| Solarbird ( @ 2008-03-11 00:39:00 |
| Current mood: | |
| Entry tags: | atypical events of scale, economics, zomg |
Something I haven't been talking about but it's bubbled to the surface
Okay, so, there are these things called "black swan events." They're unpredictable (or at least, essentially unpredicted) disruptions of major scale. Near-turm peak oil with a substantial decline rate - over 2% - would probably qualify as one, despite some predictions of it, since that continues to be unplanned for and has a 20-year recovery timeframe. It causes massive systemic disruption along the way.

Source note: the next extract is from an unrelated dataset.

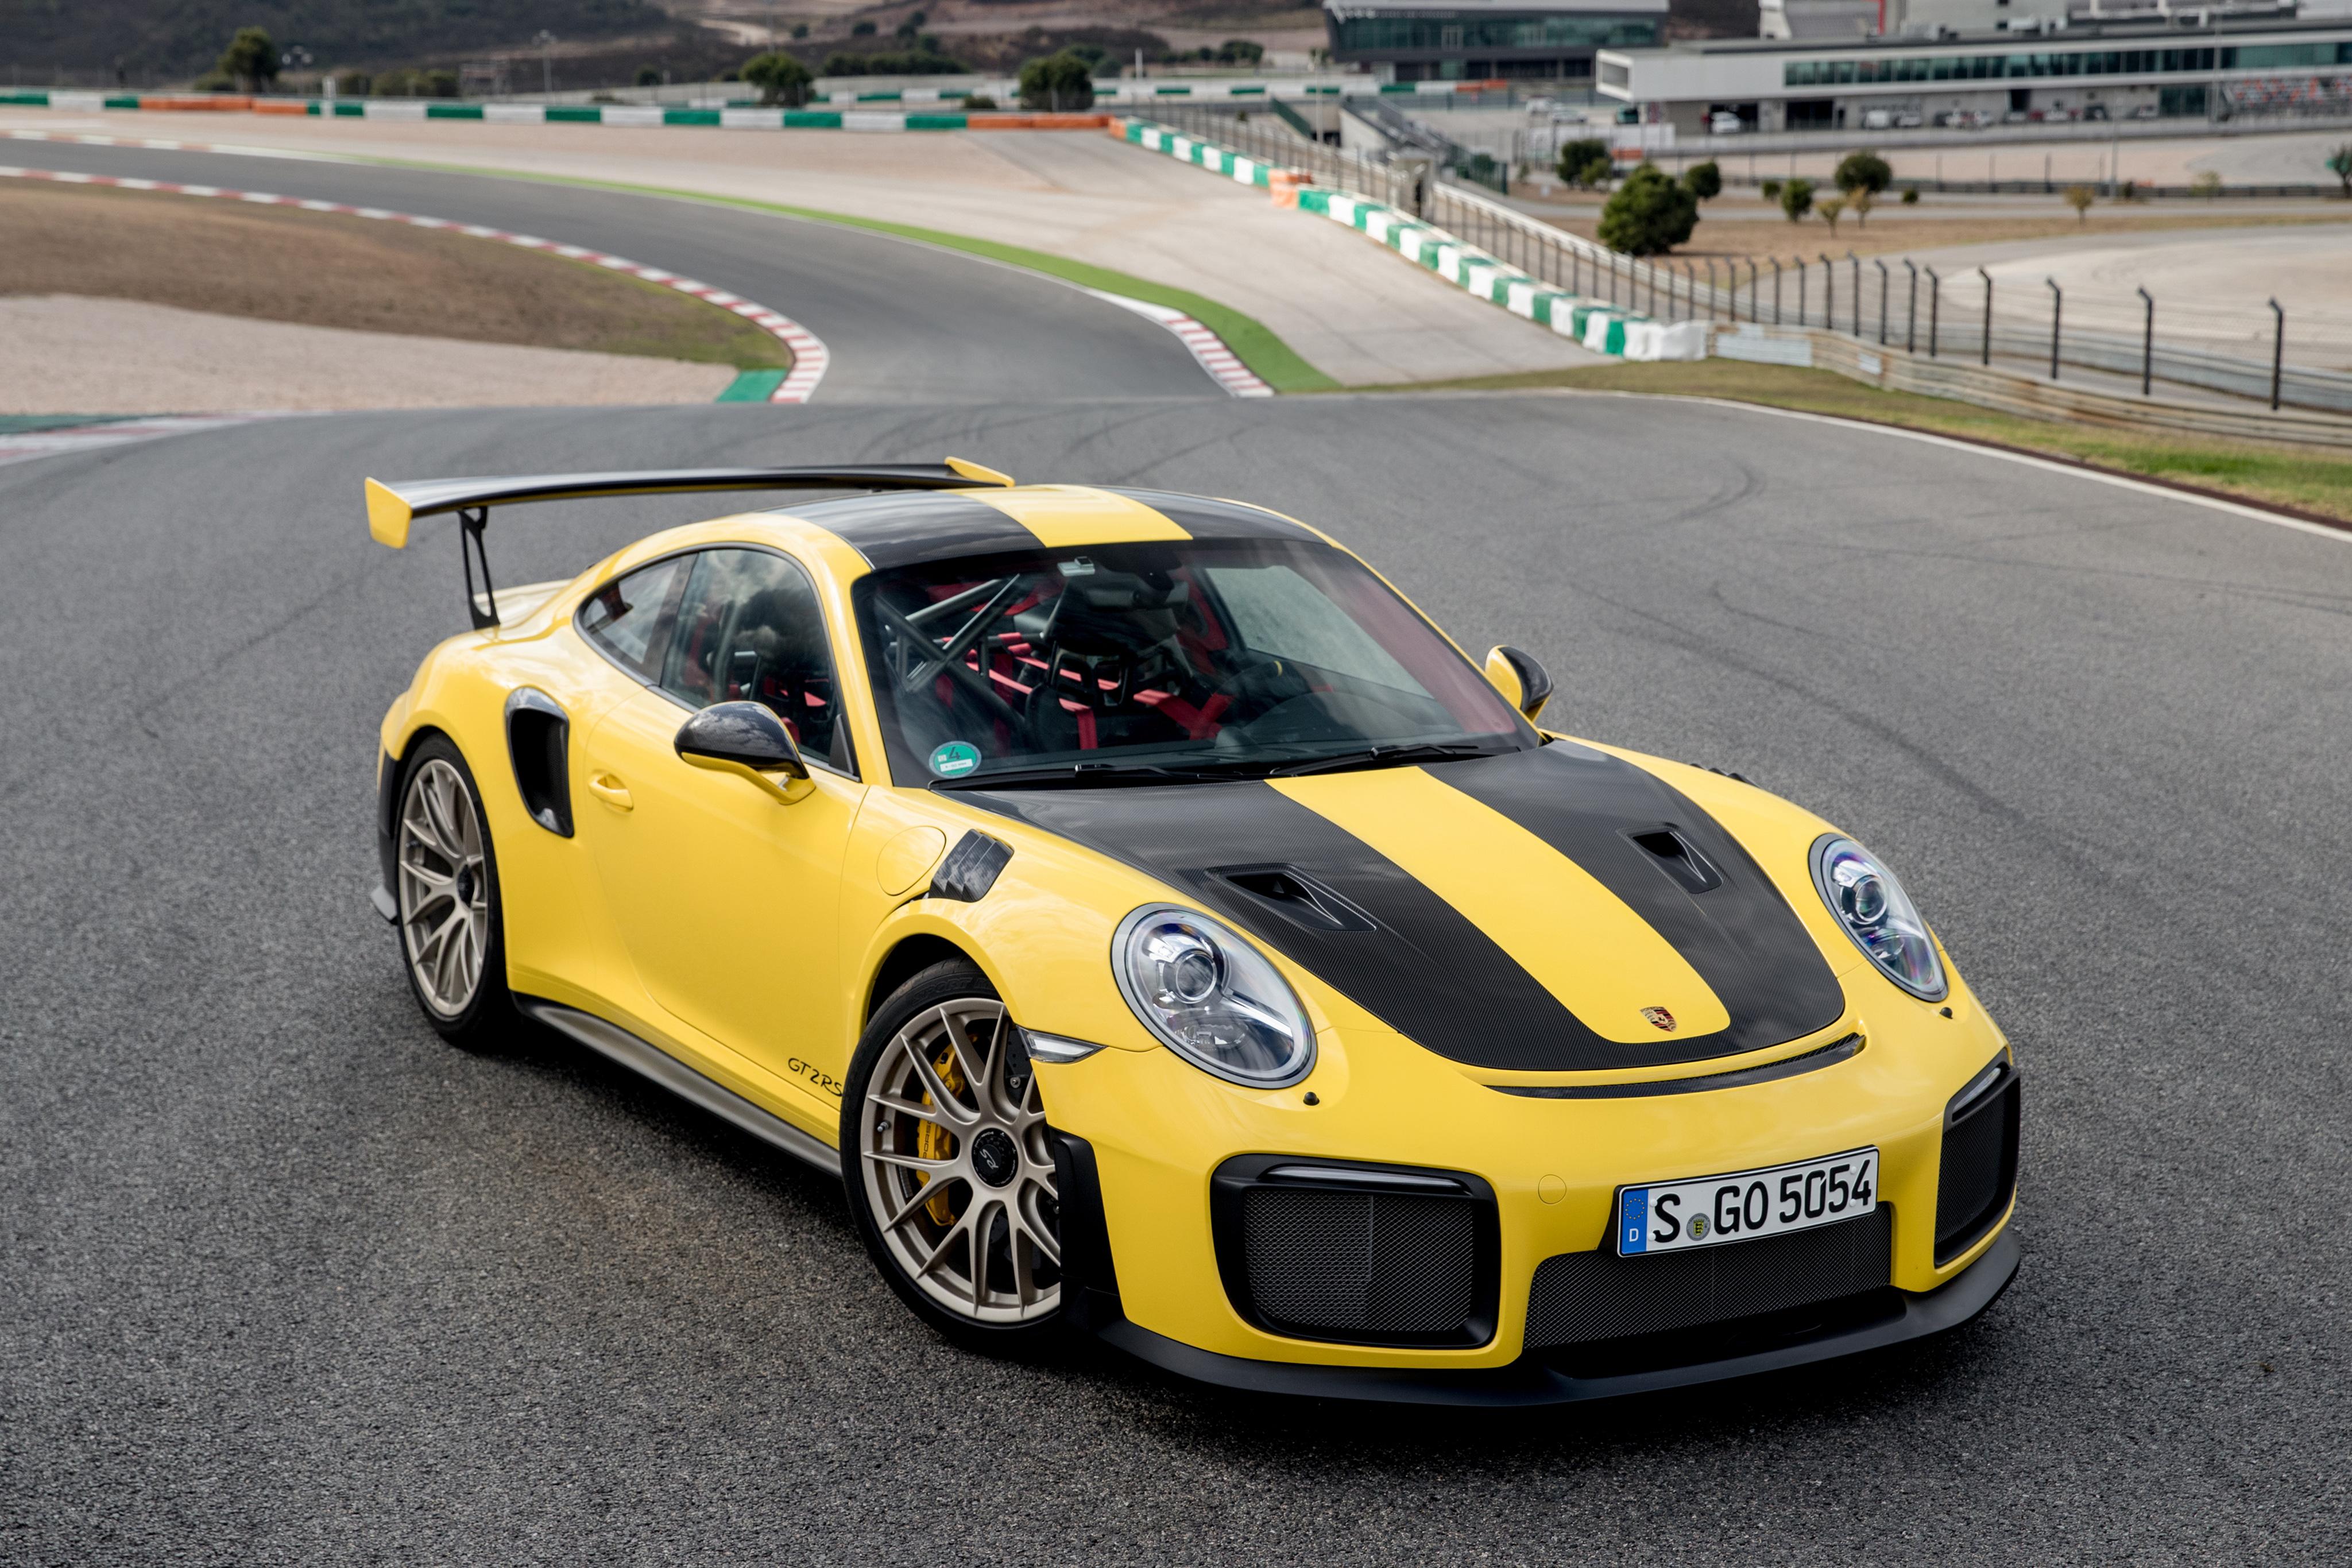 3840x2160 Porsche 911 GT2 RS Sports 4k HD 4k Wallpapers

There is a huge - I mean massive - derivatives market out there in financials. I don't understand it. At all. As far as I can tell, nobody really does. I've been trying to get some vague hint of a grip on its scale since I first really started hearing about it in 2006. I've heard numbers like $150 trillion notational dollars (and up!) and haven't known what to do with that kind of number. Because what do you do with that kind of number, when your GDP is $15 trillion? Seriously - what?
It's my favourite, by which I mean most terrifying, candidate for a black swan economic event. And I still don't have a good grip on it. Either all this shit cancels itself out once things start to fall down - in that there's a big set of swaps that add up in the end to zero, or close to it - and it ends up not mattering, or the game is over. Completely, totally, fucking over, and it's time to unplug the machine, swap the power supply, and hope you can salvage the processor. It's one of those two things. I have been, and continue to be, betting on the former, despite what comes next here.

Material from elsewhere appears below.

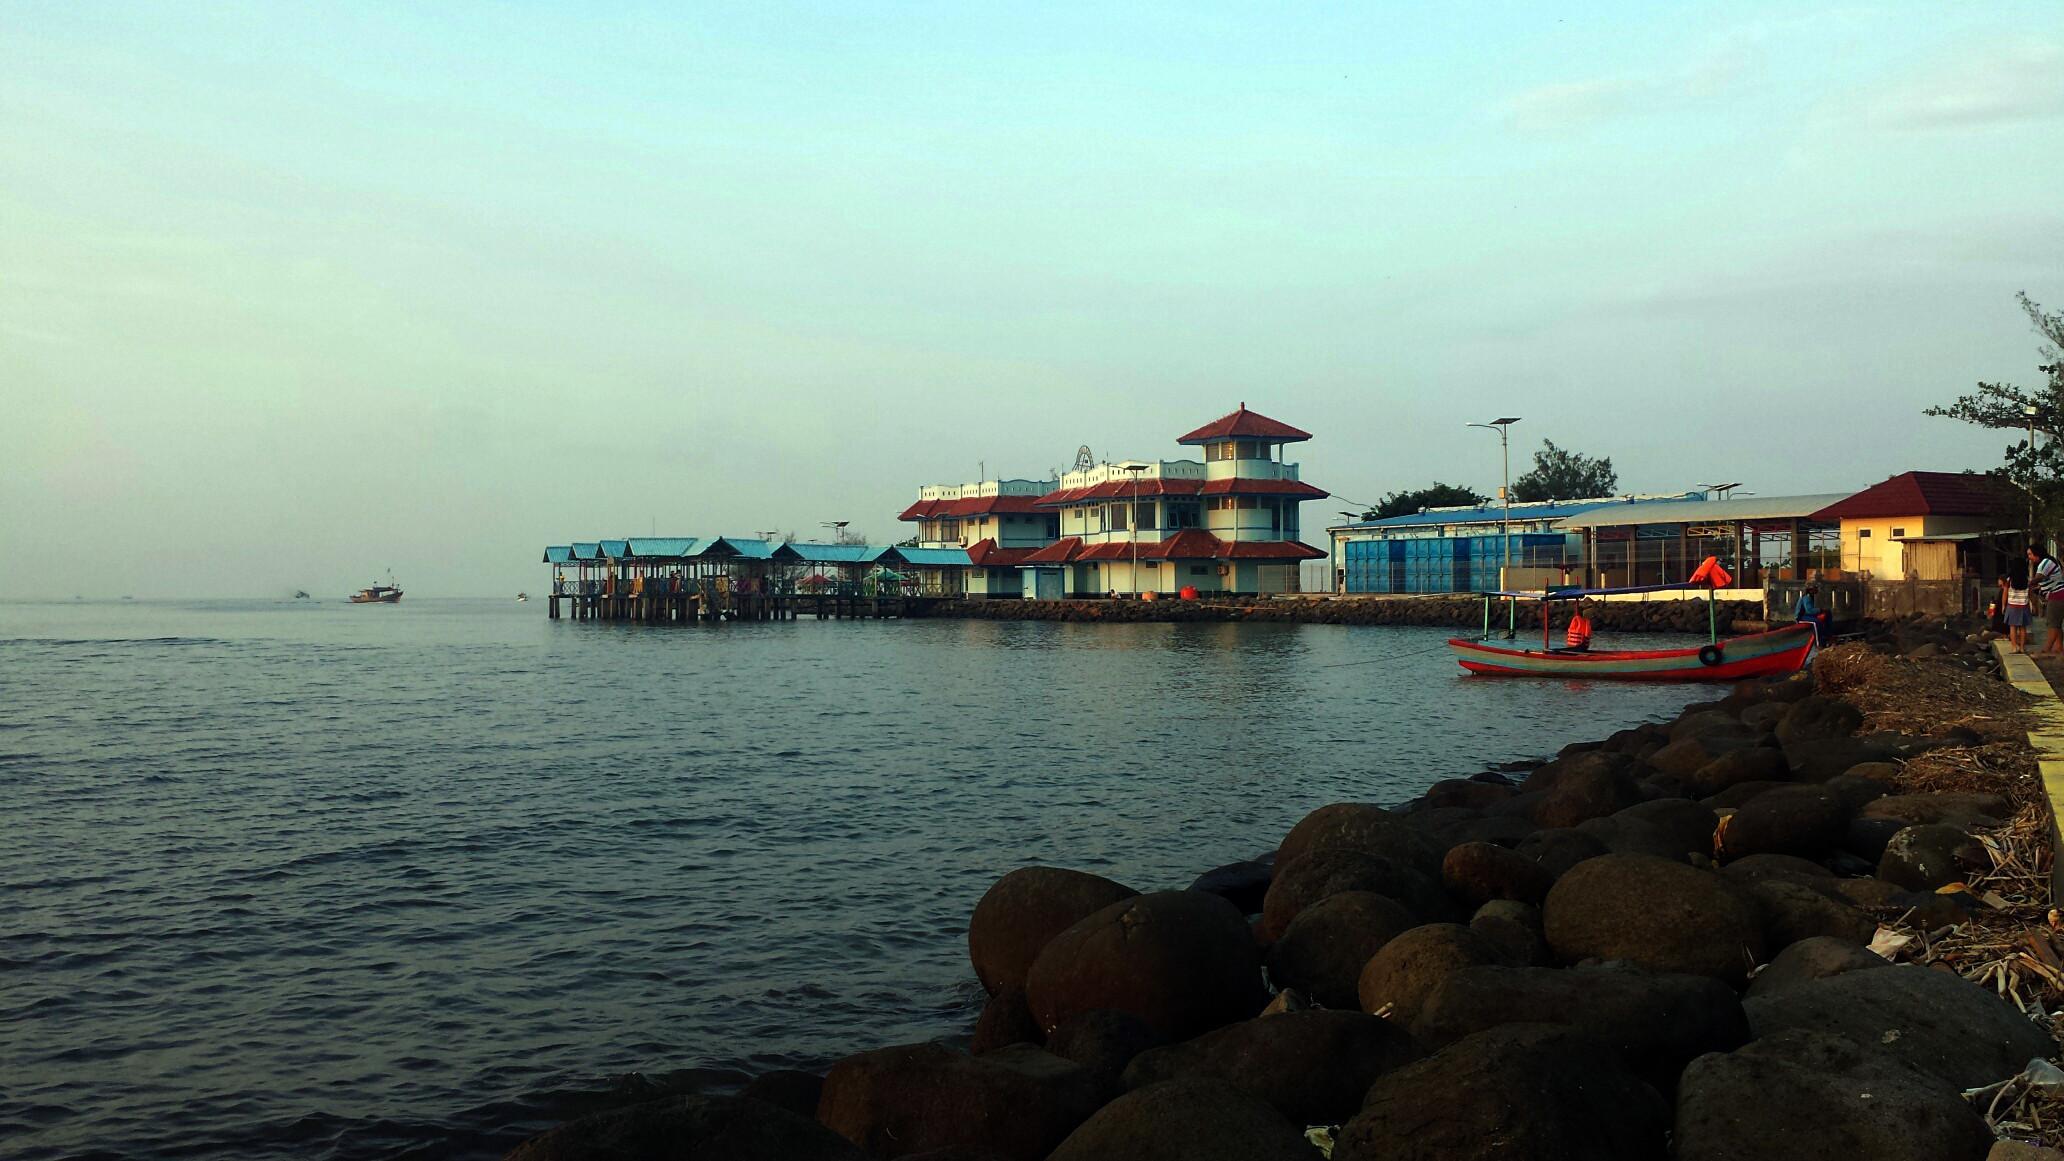 Suasana senja di tempat pelelangan ikan, Pelabuhan Perikanan Nusantara, Pekalongan, Jawa Tengah. (Liputan6.com/Fajar Eko Nugroho)

Marketwatch's Paul Ferrell reports that the actual number is more like $516 trillion notational, with an actual fall-out value of somewhere around $11 trillion. That's, again, against a GDP of $15 trillion. And as Financeguy on the Market Ticker Forums points out tonight, that market, like most of the other ones, is in trouble.
Now, you can't really plan for this. You can't really plan for a hard reboot of the entire financial system. I can't tell you what to do because I don't know. It's the kind of situation where since you cannot, definitionally, plan for the bad case, you plan for the one you can plan for, even if it's less likely, or unlikely. And in that case, it all falls in on itself and reduces to a much smaller number that, while nasty, can be handled as part of the rest of the credit implosion.
That's how you end up hoping the economy only takes a $1 trillion dollar hit over the next couple of years, instead of, well... who knows?
And that's why I haven't been talking about it. Because I'm hoping it just goes away.